Several other things M. Borassaw set me right in, as to the falls of the Niagara. Particularly it has been said, that the cataract makes such a prodigious noise, that people cannot hear each other speak at some miles distances; whereas he affirms, that you may converse together close by it. I have also heard it positively asserted, that the shoot of the river, when it comes to the precipice, was with such force, that men and horse might march under the body of the river without being whet; this also he utterly denies, and says, the water falls in a manner right down.

What he observed farther to me was, that the mist or shower which the falls make, is so extraordinary, as to be seen at five leagues distance, and rises as high as the common clouds. In this brume or cloud, when the sun shines, you have always a glorious rainbow. That the river itself, which is there called the river Niagara, is much narrower at the falls than either above or below; and that from below there is no coming nearer the falls by water than about six English miles, the torrent is so rapid, and having such terrible whirlpools.

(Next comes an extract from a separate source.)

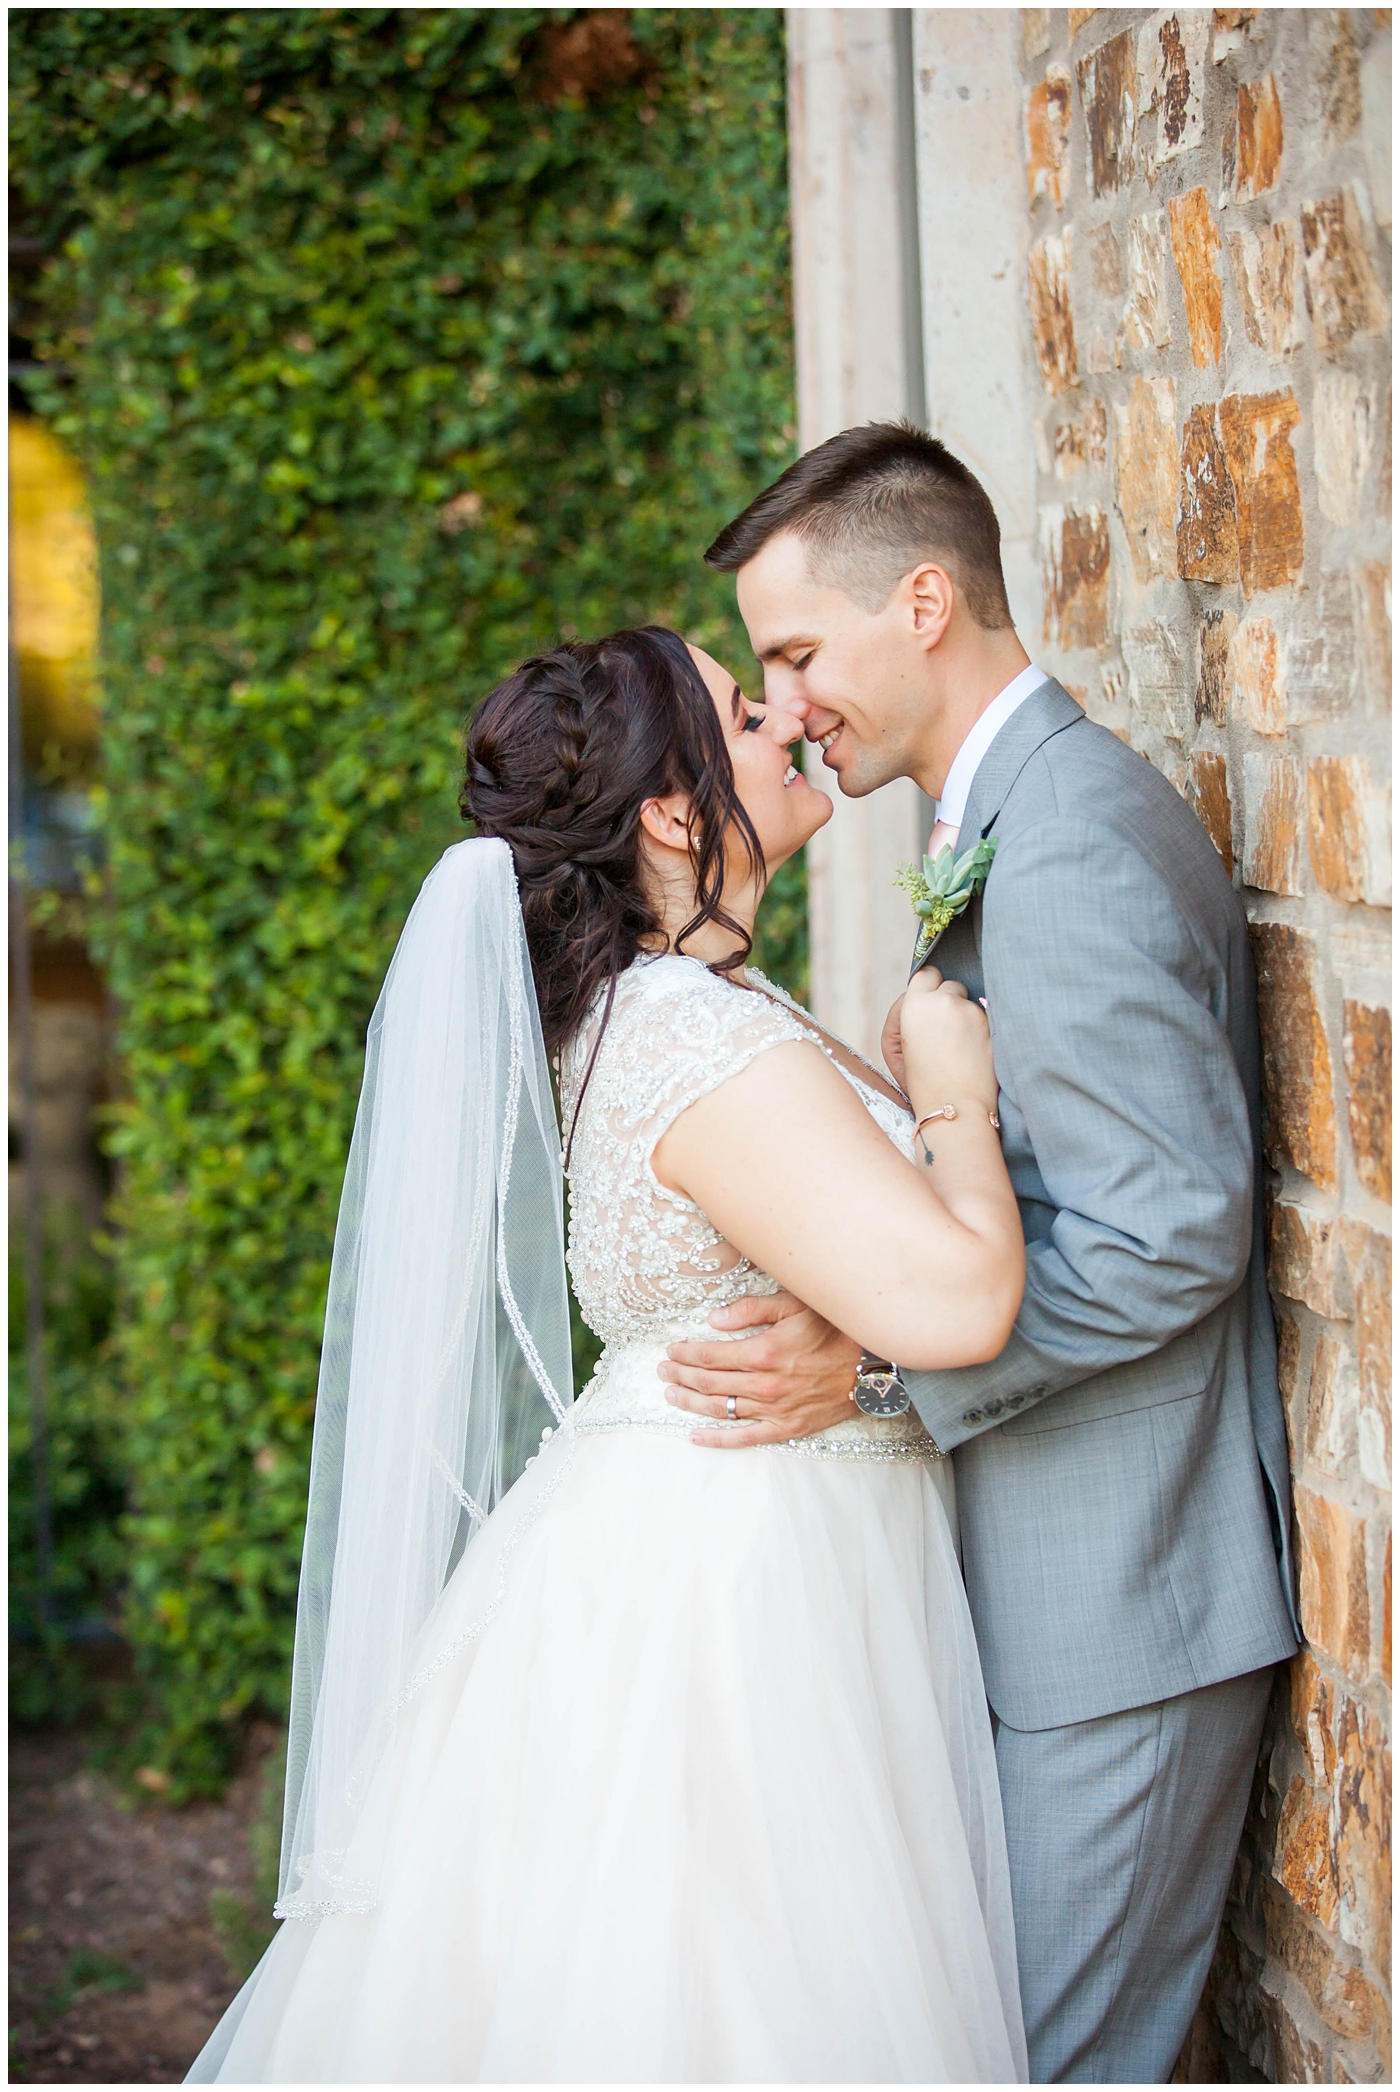 Bride in sleeved white dress and groom in gray jacket kissing
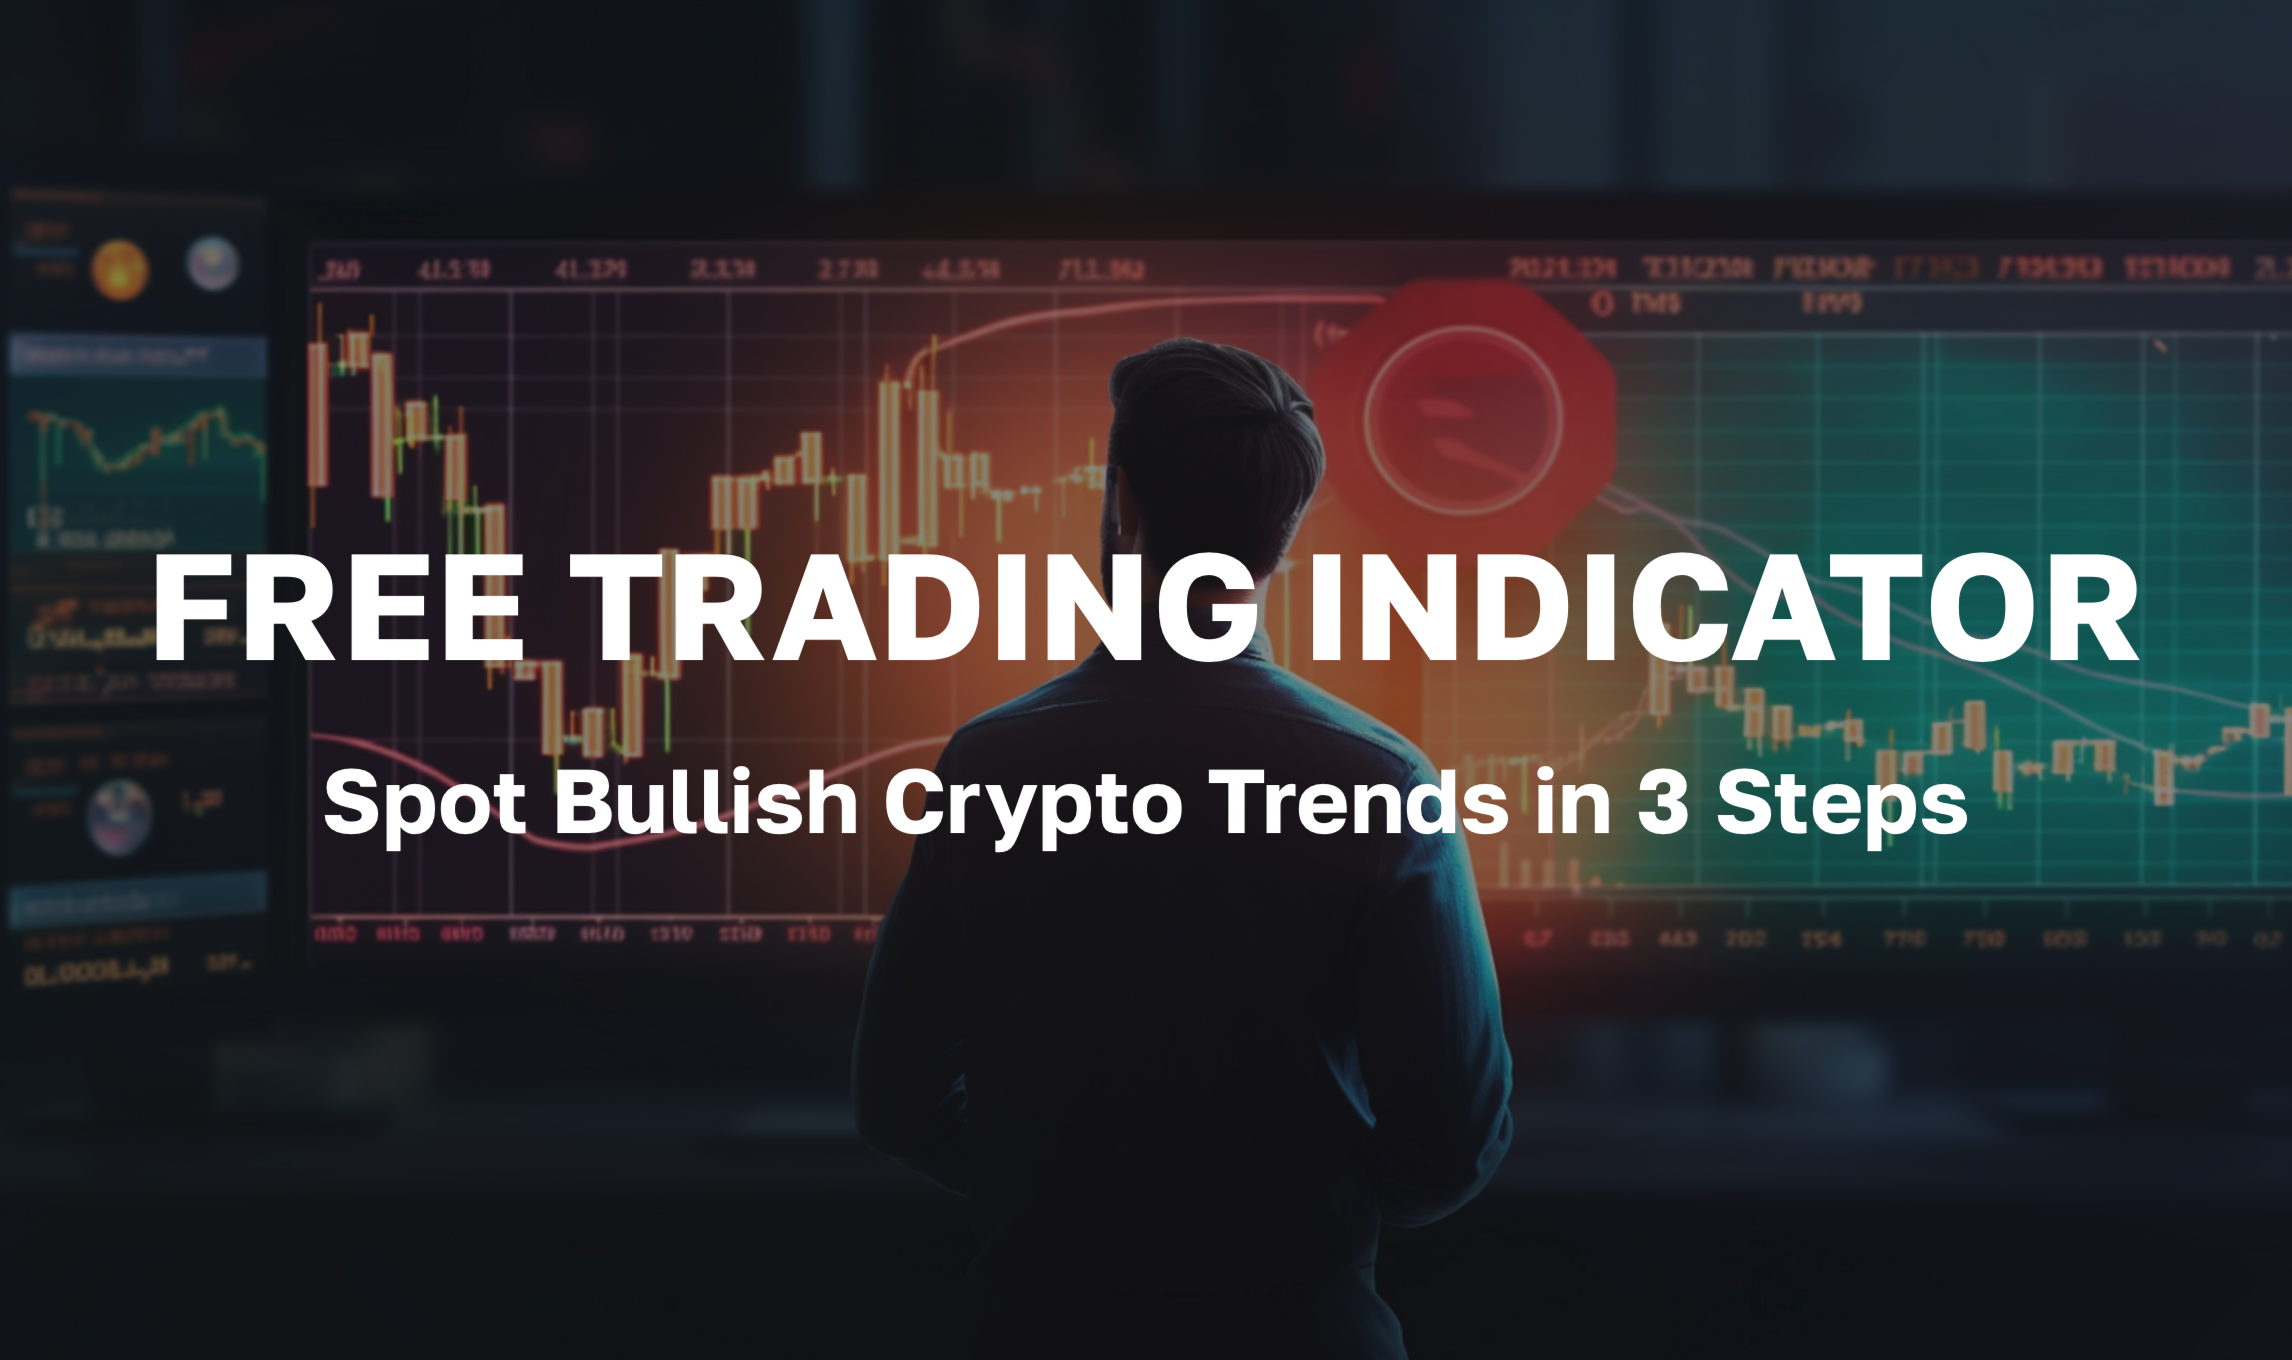 How to Find Bullish Crypto Trends in 3 Steps - Free On-Chain Indicator

He confirms Father Hennepin's and Mr. Kelug's account of the large trouts of those lakes, and solemnly affirmed there was one taken lately, that weighed 861b. which I am the rather inclined to believe, on the general rule, that fish are according to the waters. To confirm which, a very worthy minister affirmed, that he saw a pike taken in Canada river, and carried on a pole between two men, that measured five feet ten inches in length, and pro, portionably thick,

I myself saw a cataract, three leagues above Albany, in the prowince of New York, on Schenectada river, called the Cohoes, which they count much of there, and yet it is not above 40 or 50 feet perpendicular. From these falls also there rises a misty cloud, which descends like small rain, which, when the sun shines gives a handsome small rainbow, that moves as you move, according to the angle of vision. The river at the Cohoes is 40 or 50 rods broad, but then it is very shallow water, for in a dry season the whole river runs in a channel of not more than 15 feet wide.

In my journey to Albany, 20 miles to the eastward of Hudson's river, near the middle of a long rising hill, I met with a brisk noisy brook, sufficient to serve a water-mill; and having observed nothing of it at the beginning of the hill, I turned about, and followed the coarse of the brook, till at length I found it come to an end, being absorbed, and sinking into the ground, thence either passing through subterraneous passages, or soaked up by the sand; and though it be common in other parts of the world for brooks and even rivers thus to be lost, yet this is the first of the sort I have heard of, or met with, in this country.

The Fall of Fyers.

[Phil. Trans. 1722.

THE fall of Fyers, is a vast cataract, in a darksome glen of a stupendous depth; the water darts far beneath the top through a narrow gap between two rocks, then precipitates above forty feet lower into the bottom of the chasm, and the foam, like a great cloud of smoke, rises and fills the air. The sides of this glen are vast precipices mixed with trees over-hanging the water, through which, after a short space, the waters discharge themselves into the lake.

About half a mile south of the first fall is another passing through a narrow chasm, whose sides it has undermined for a considerable way over the gap is a true Alpine bridge of the bodies of trees covered with sods, from whose middle is an aweful view of the water roaring beneath.

At the fall of Foher the road quits the side of the lake, and is carried for some space through a small vale on the side of the river Fyers, where is a mixture of small plains of corn and rocky hills.